## WORK REQUIRED
Only the pictures are to be dropped, and the rest of the data should be copied exactly.

## DATA SHOWN
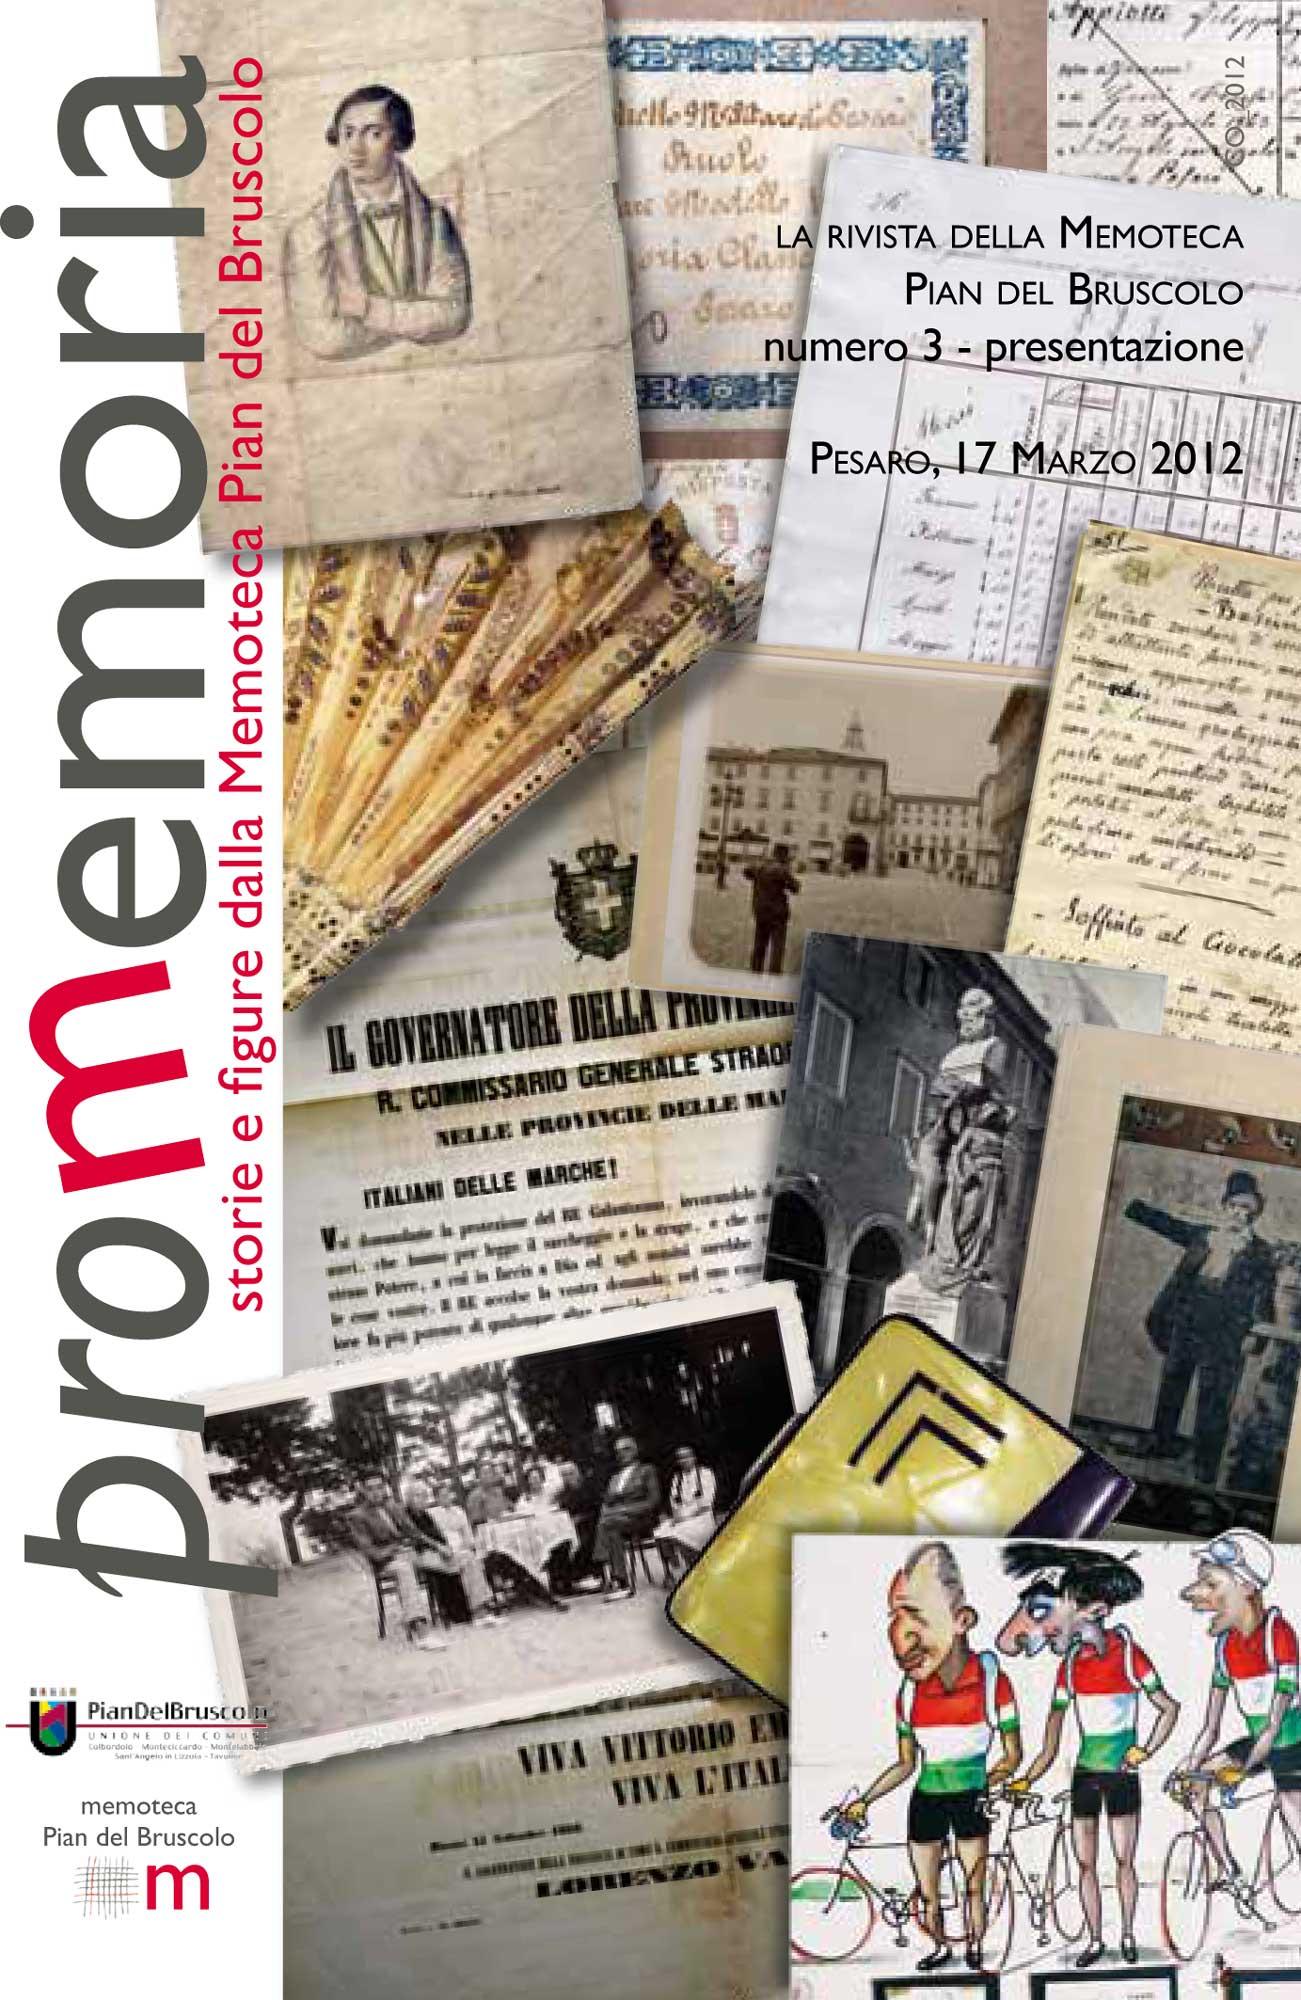 Memoteca Pian del Bruscolo - 2012
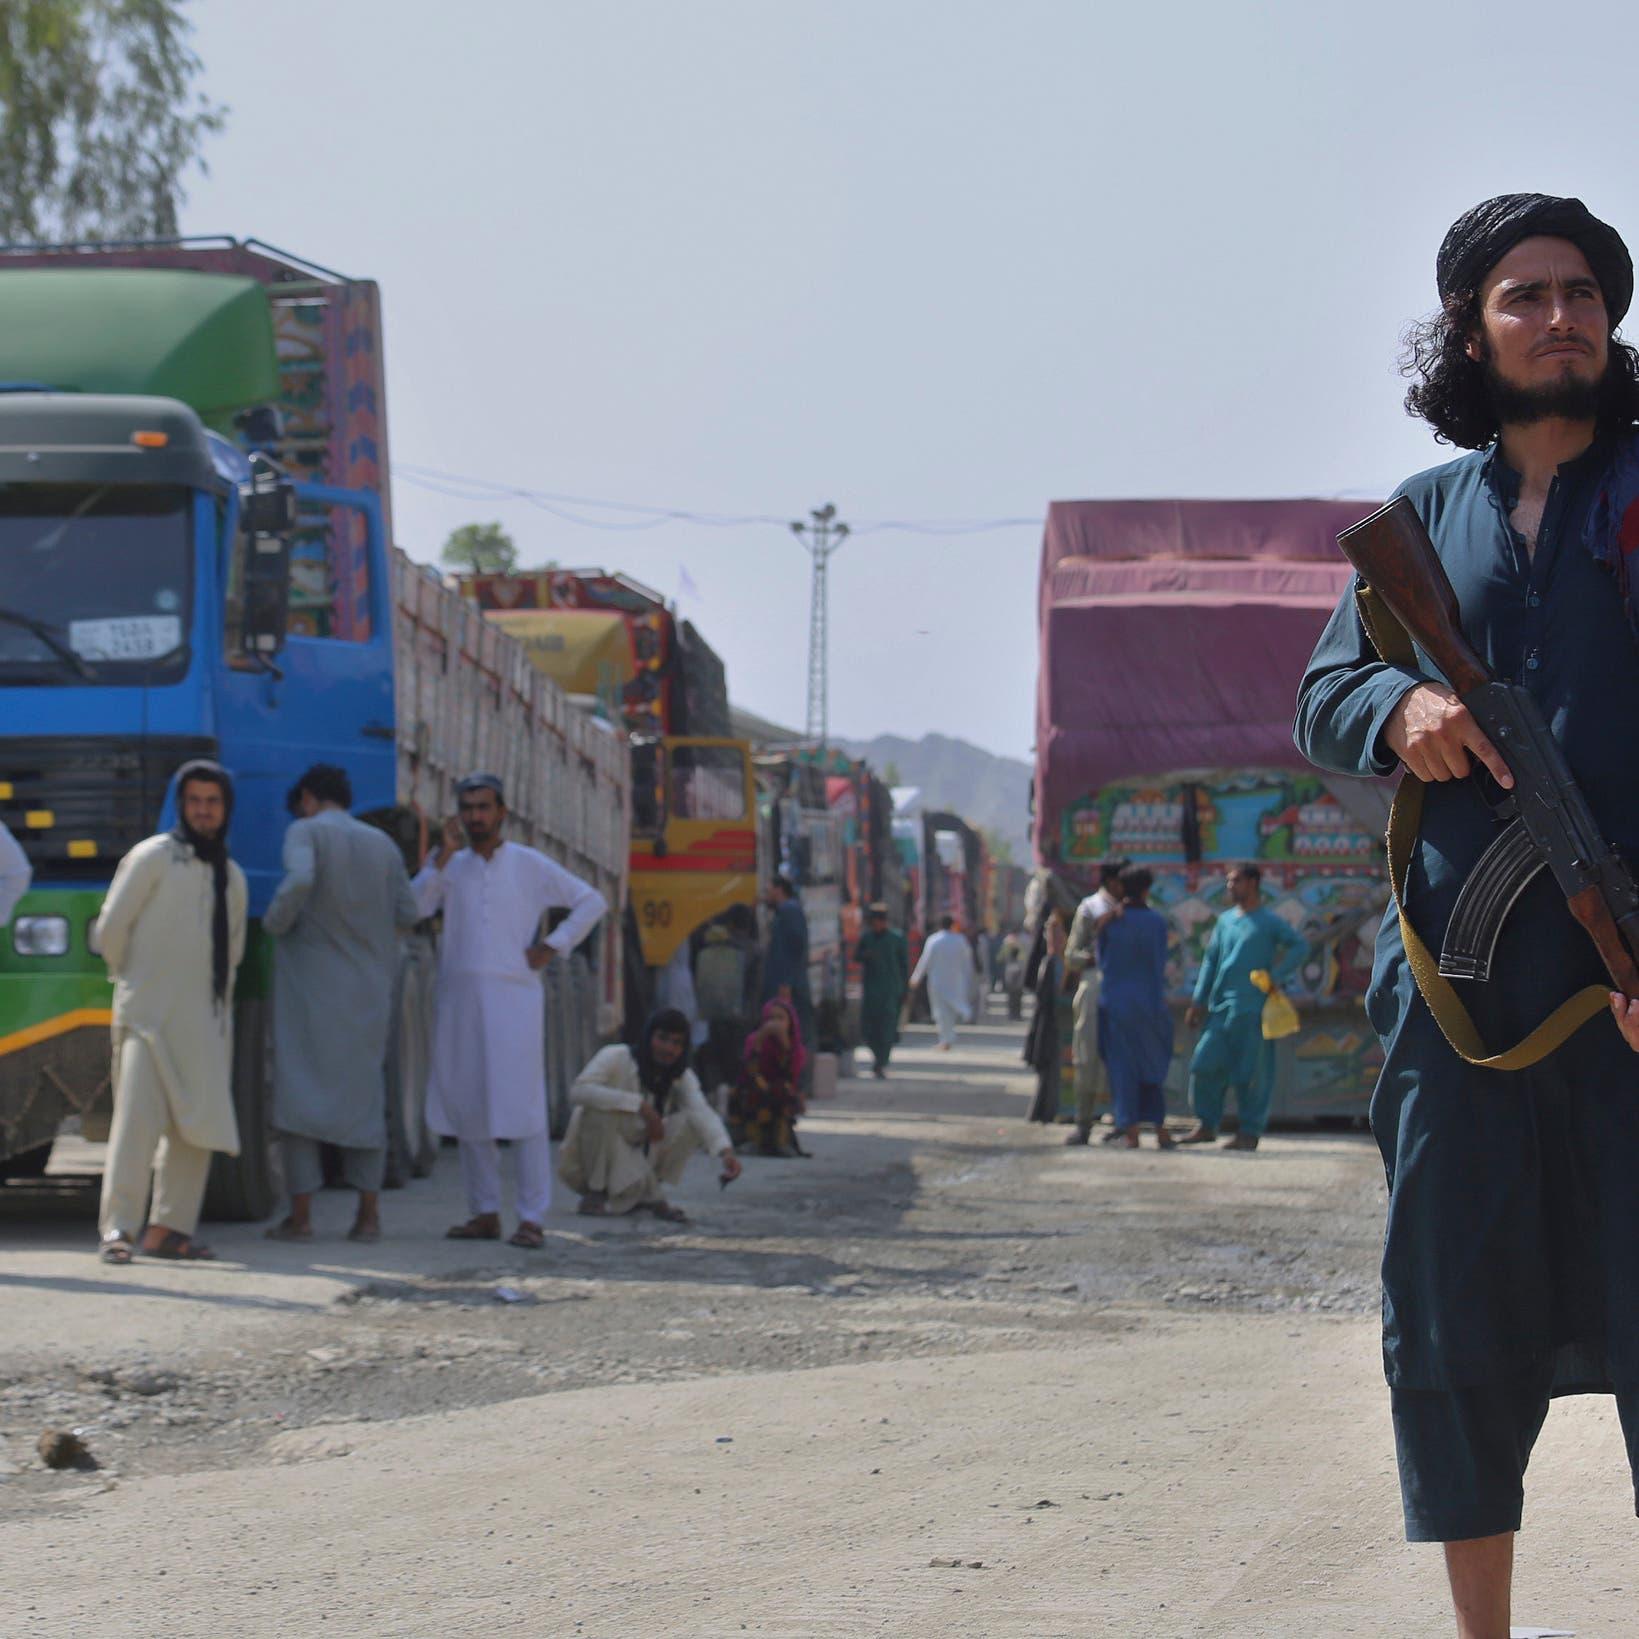 لبحث الحكومة المقبلة..زعماء أفغان مخضرمون يلتقون طالبان
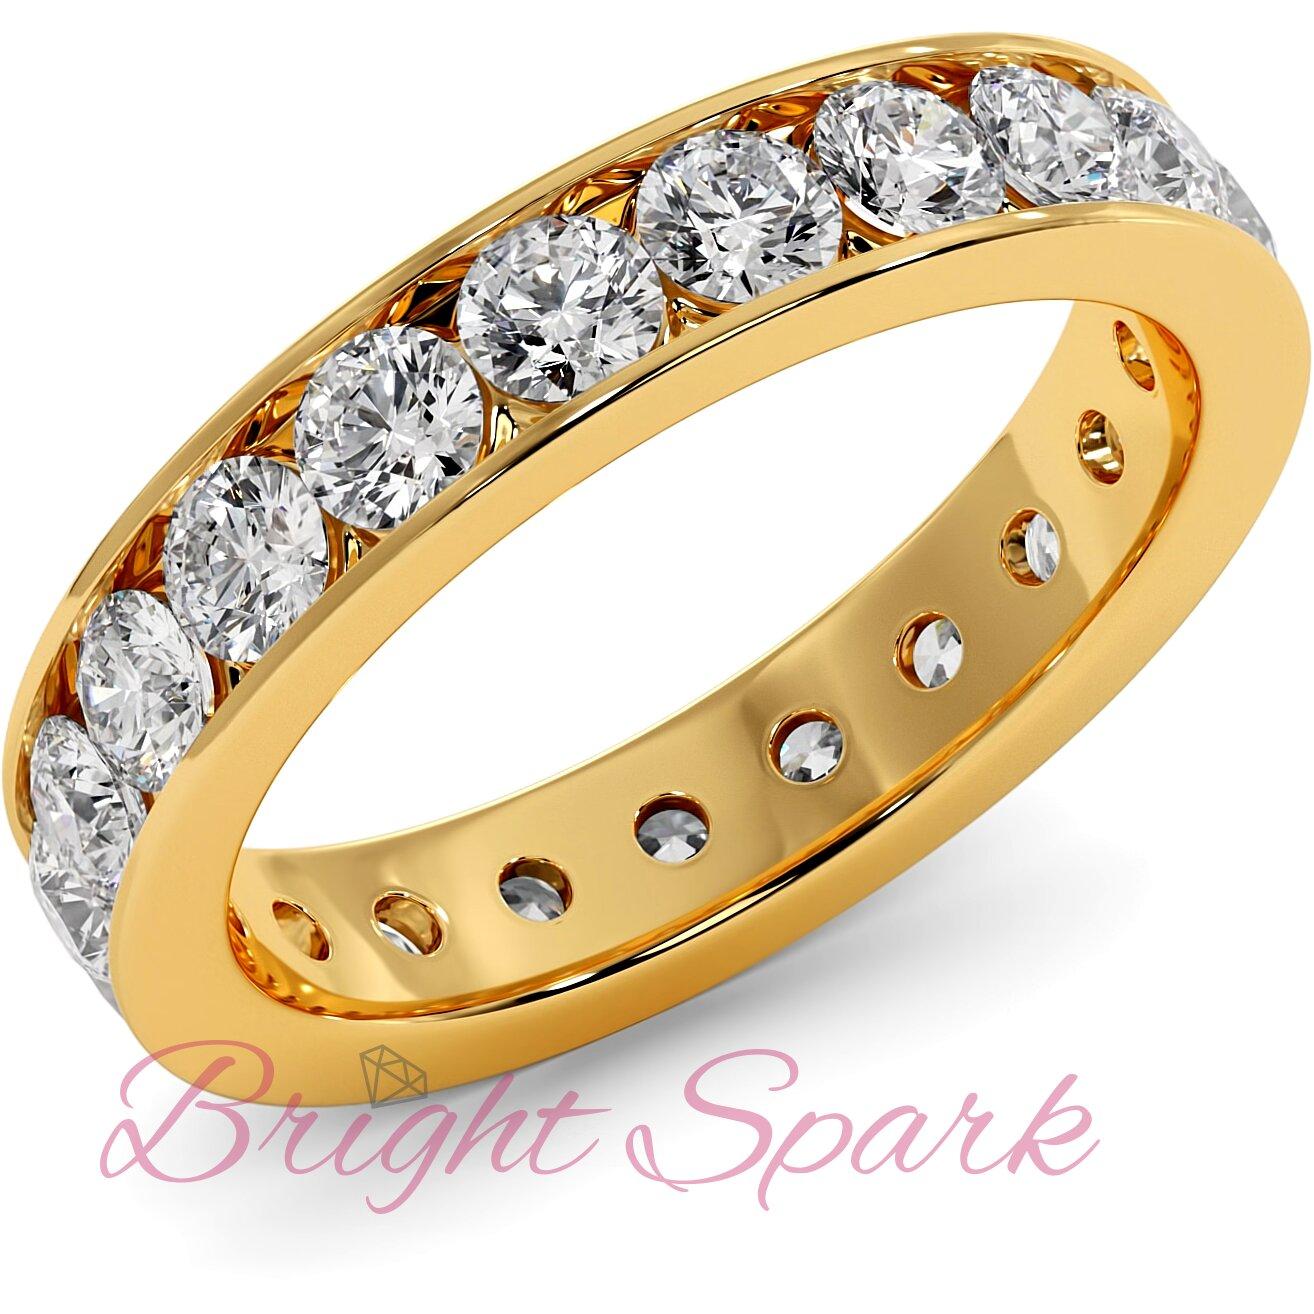 Обручальное кольцо желтого золота с дорожкой по кругу 3 мм Eternity  1,9 карата

## OUTPUT FOR THIS EXERCISE
 Memoteca Pian del Bruscolo - 2012
 لبحث الحكومة المقبلة..زعماء أفغان مخضرمون يلتقون طالبان
 Обручальное кольцо желтого золота с дорожкой по кругу 3 мм Eternity  1,9 карата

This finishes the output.